The code needs serious refactoring; there is a ton of repetition in it - however, I also have a job that I'm supposed to do.
#!/usr/bin/awk -f
BEGIN{
z[1] = 0;
z[2] = 200;
z[3] = 400;
z[4] = 600;
}
{
for (i = 1; i <= NF; i++)
{
centr[i] = $i
}
if (NF > 2)
{
lsq(NF, z, centr);
}
}
function lsq(n, x, y)
{
if (n == 0) return
sx = 0.0
sy = 0.0
sxx = 0.0
syy = 0.0
sxy = 0.0
for (i = 1; i <= n; i++)
{
print "x[" i "] = " x[i] ", y[" i "] = " y[i]
sx += x[i]
sy += y[i]
sxx += x[i]*x[i]
sxy += x[i]*y[i]
syy += y[i]*y[i]
}
if ((n*sxx - sx*sx) == 0) return
# print "number of data points = " n;
a = (sxx*sy-sxy*sx)/(n*sxx-sx*sx)
b = (n*sxy-sx*sy)/(n*sxx-sx*sx)
for (i = 1; i <= n; i++)
{
ycalc[i] = a+b*x[i]
}
print "# Intercept = " a
print "# Slope = " b
print "Line: x = " a " + " b " * y"
for (i = 1; i <= n; i++)
{
printf("x = %8g, yo = %8g, yc = %8g\n", x[i], y[i], ycalc[i])
}
print ""
print "Different subsets\n"
for (drop = 1; drop <= n; drop++)
{
print "Subset " drop
sx = sy = sxx = sxy = syy = 0
j = 1
for (i = 1; i <= n; i++)
{
if (i == drop) continue
print "x[" j "] = " x[i] ", y[" j "] = " y[i]
sx += x[i]
sy += y[i]
sxx += x[i]*x[i]
sxy += x[i]*y[i]
syy += y[i]*y[i]
j++
}
if (((n-1)*sxx - sx*sx) == 0) continue
a = (sxx*sy-sxy*sx)/((n-1)*sxx-sx*sx)
b = ((n-1)*sxy-sx*sy)/((n-1)*sxx-sx*sx)
print "Line: x = " a " + " b " * y"
xt = x[drop]
yt = a + b * xt;
print "Interpolate: x = " xt ", y = " yt
}
}
Since awk doesn't provide an easy way to pass back multiple values from a function, nor does it provide structures other than arrays (sometimes associative), it is not perhaps the best language for this task. On the other hand, it can be made to do the job. You might be able to bundle the Least Squares calculation in a function that returns an array containing the slope and intercept, and then use that. Your turn to explore options.

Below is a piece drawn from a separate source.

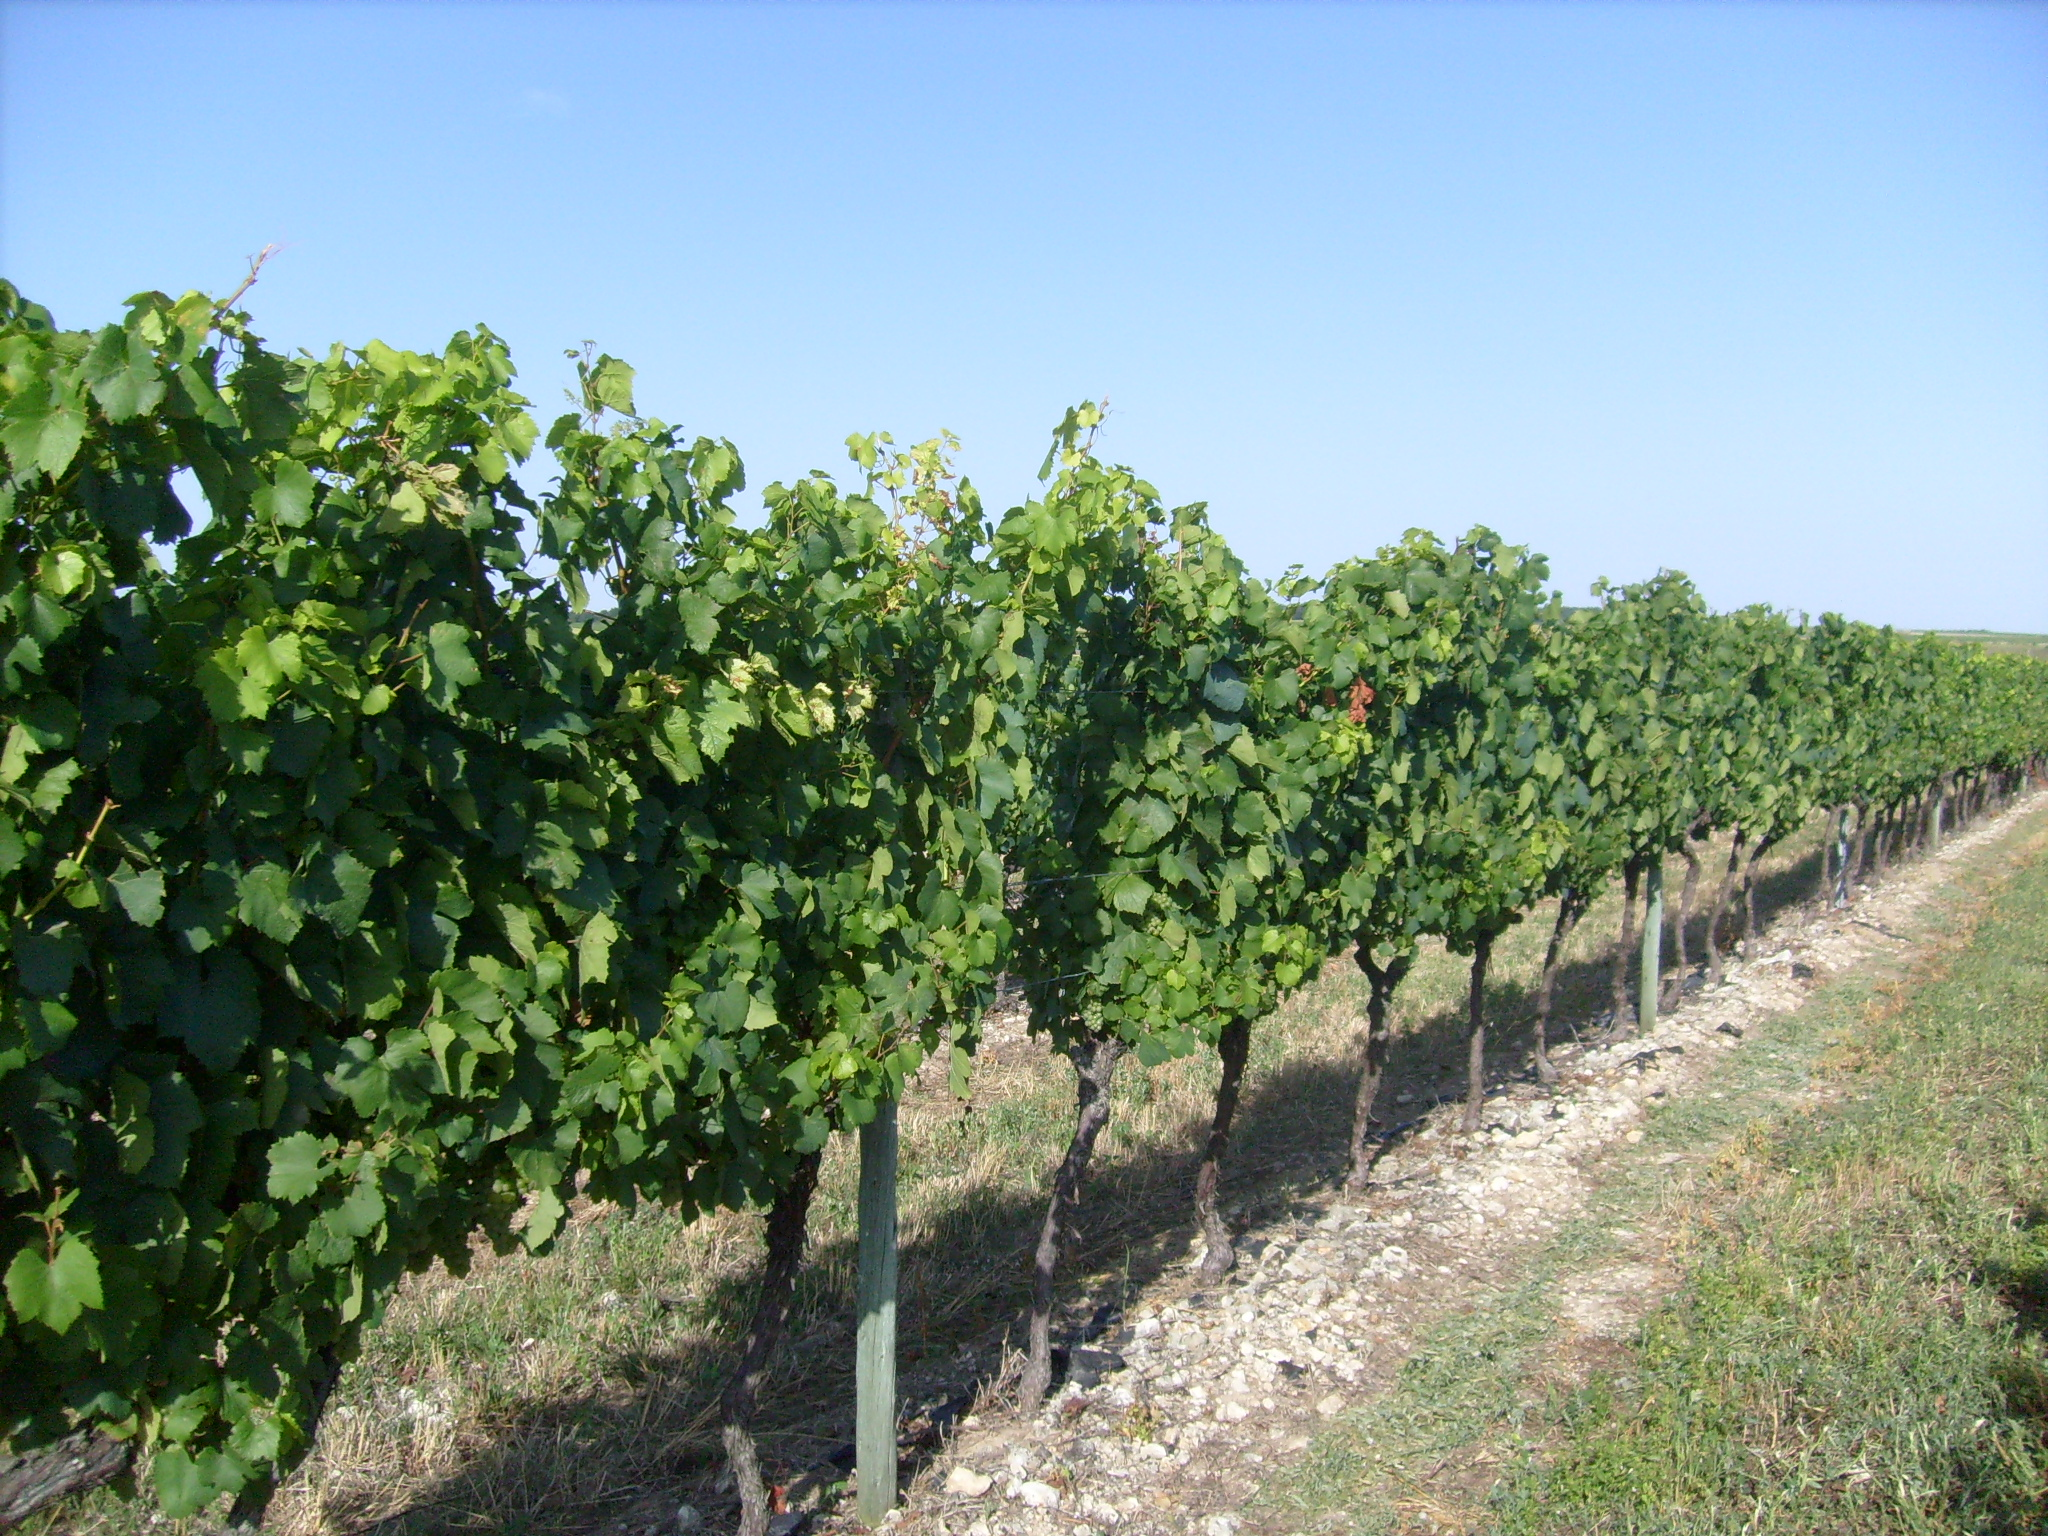 Les vignobles de Charente-Maritime 3

Given the script lsq.awk and the input file lsq.data shown, I get the output shown:
$ cat lsq.data
17.1685 21.6875 20.2393 26.3158
$ awk -f lsq.awk lsq.data
x[1] = 0, y[1] = 17.1685
x[2] = 200, y[2] = 21.6875
x[3] = 400, y[3] = 20.2393
x[4] = 600, y[4] = 26.3158
# Intercept = 17.4537
# Slope = 0.0129968
Line: x = 17.4537 + 0.0129968 * y
x = 0, yo = 17.1685, yc = 17.4537
x = 200, yo = 21.6875, yc = 20.0531
x = 400, yo = 20.2393, yc = 22.6525
x = 600, yo = 26.3158, yc = 25.2518
Different subsets
Subset 1
x[1] = 200, y[1] = 21.6875
x[2] = 400, y[2] = 20.2393
x[3] = 600, y[3] = 26.3158
Line: x = 18.1192 + 0.0115708 * y
Interpolate: x = 0, y = 18.1192
Subset 2
x[1] = 0, y[1] = 17.1685
x[2] = 400, y[2] = 20.2393
x[3] = 600, y[3] = 26.3158
Line: x = 16.5198 + 0.0141643 * y
Interpolate: x = 200, y = 19.3526
Subset 3
x[1] = 0, y[1] = 17.1685
x[2] = 200, y[2] = 21.6875
x[3] = 600, y[3] = 26.3158
Line: x = 17.7985 + 0.0147205 * y
Interpolate: x = 400, y = 23.6867
Subset 4
x[1] = 0, y[1] = 17.1685
x[2] = 200, y[2] = 21.6875
x[3] = 400, y[3] = 20.2393
Line: x = 18.163 + 0.007677 * y
Interpolate: x = 600, y = 22.7692
$
Edit: In the previous version of the answer, the subsets were multiplying by n instead of (n-1). The values in the revised output seem to agree with what you expect. The residual issues are presentational, not computational.